Elias sighs, stretching his arms over his head like this is an inconvenience, like he’d rather be anywhere else but here. But I catch the way his fingers twitch at his sides, how his weight shifts to the balls of his feet, ready to strike.
And then Silas, grinning, loose, fluid. Like, this is fun for him. Like he’s been waiting for an excuse.
“Severin really can’t take a loss, huh?” Silas murmurs, spinning a dagger in one hand. “How do you still have a grudge when you’ve lived for centuries?”
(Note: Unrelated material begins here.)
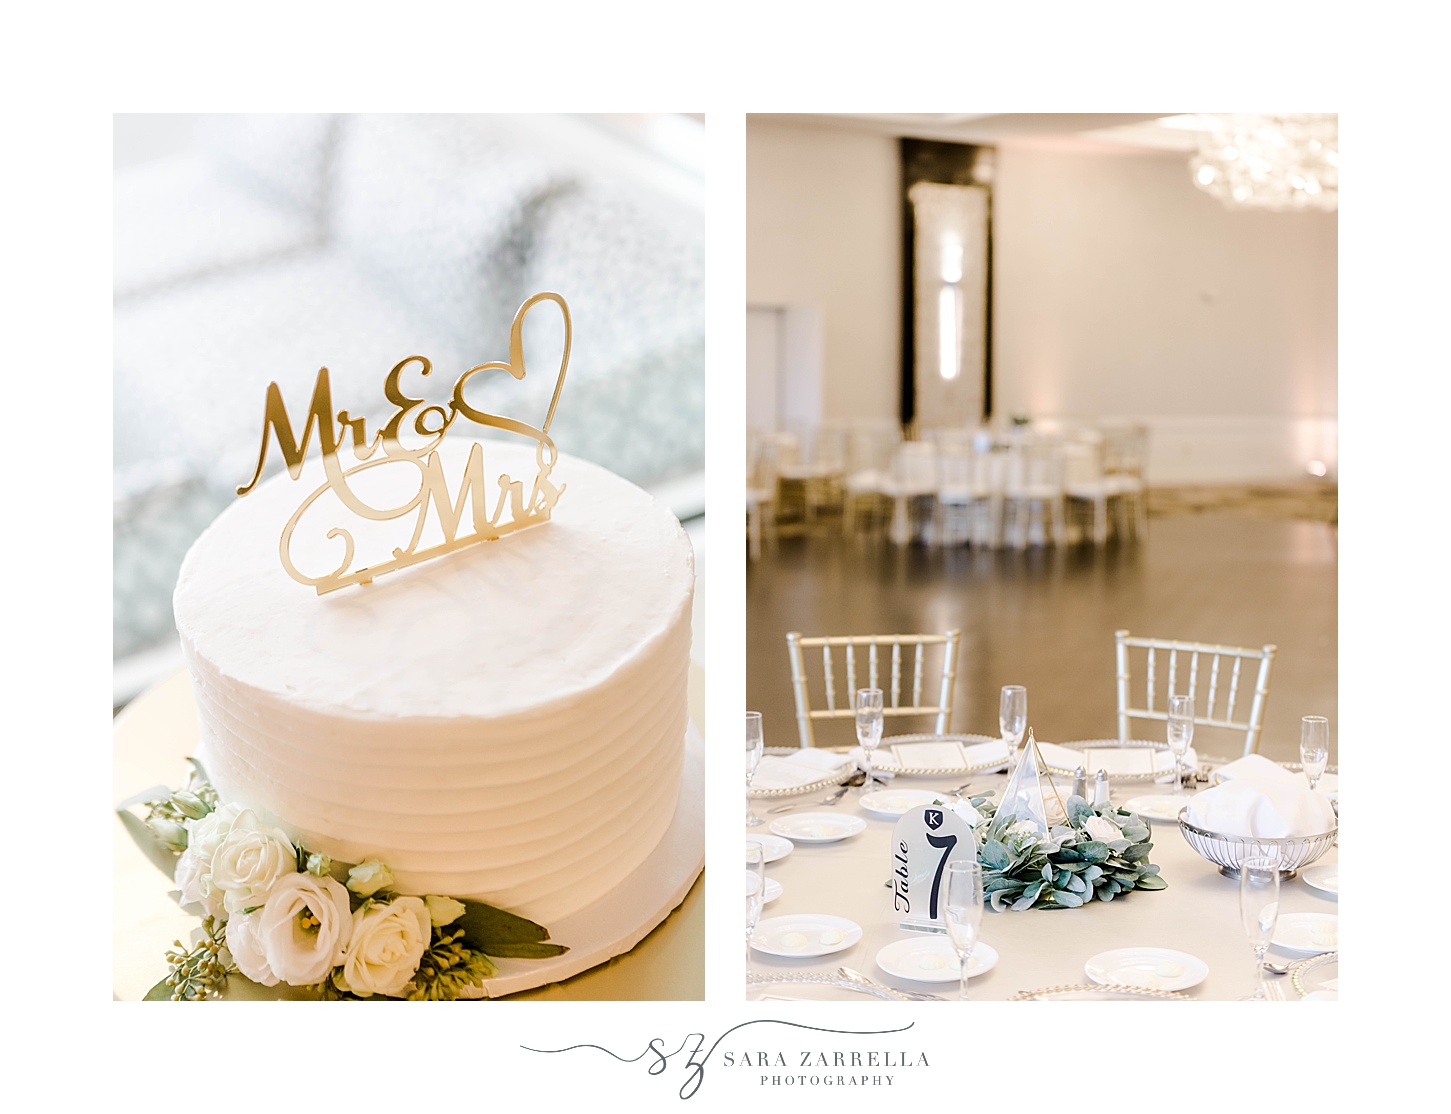 wedding cake with custom Mr & Mrs topper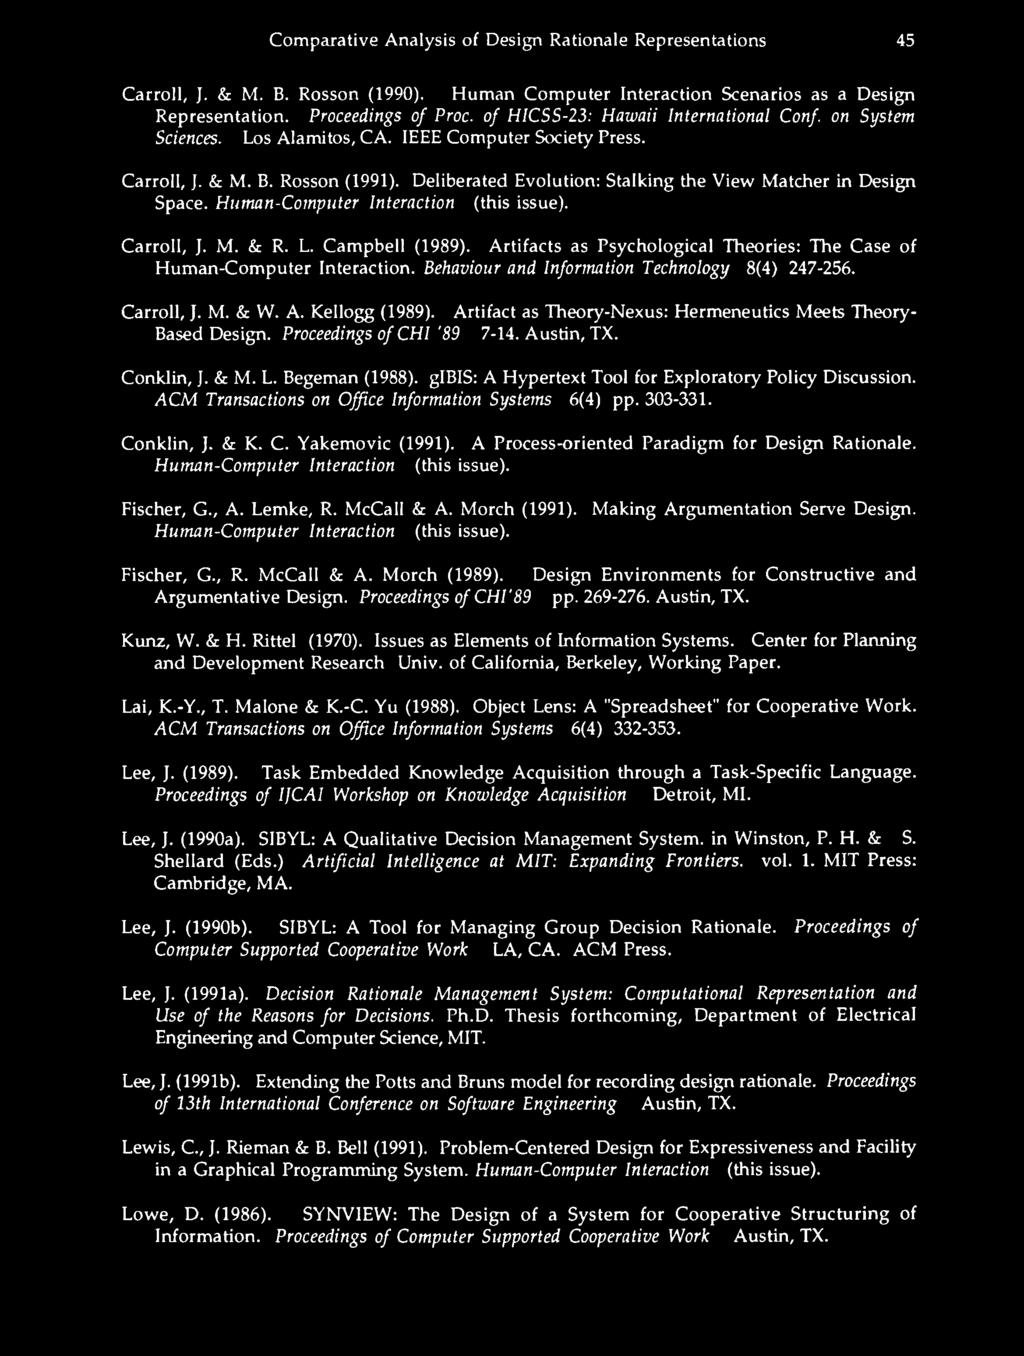 Artifact as Theory-Nexus: Hermeneutics Meets Theory- Based Design. Proceedings of CHI '89 7-14. Austin, TX. Conklin, J. & M. L. Begeman (1988).

“I don’t know,” Elias says, side-eyeing me. “Luna, you’re the one he’s pissed with. Maybe you should ask him?”
I roll my eyes, but before I can bite back a response, the creatures lunge.
And the Sins? They meet them head-on.
I call it to me without hesitation, a weapon forged from Wrath and Envy, summoned from the place inside me that is both hunger and fury, sharpened into something lethal. The blade hums in my grip, the weight perfect, as if it’s been waiting for my hands all along.
I shift my stance, balancing on my heels just like Riven taught me, my body coiled and ready. Stay light, stay fast. Hit first, hit hard. Make them regret thinking they could touch you.
Fine. Let them regret it.
The creatures surge forward, a tide of horror and nightmare made flesh. Their bodies contort and snap unnaturally, too many limbs bending in too many directions, their gaping maws slick with something black and viscous. The air is thick withthe scent of rot and hunger, their guttural screeches rattling through my skull.
I don’t wait for them to reach me.
I lunge. The first creature swipes, claws slashing through the space where I stood a second ago, but I move faster, Riven-fast, Wrath-fast. I twist, pivot, and rive my blade deep. Black ichor spills, sizzling where it touches the ground, and I pull free just in time to meet the next one.
To my left, Lucien is already cutting a path through them, his swordplay almost elegant, every movement measured, deliberate, controlled. A creature lunges at him from behind, but he doesn’t even turn, his shadow does the work for him, rising and skewering the thing through the chest before curling back into him like it never left.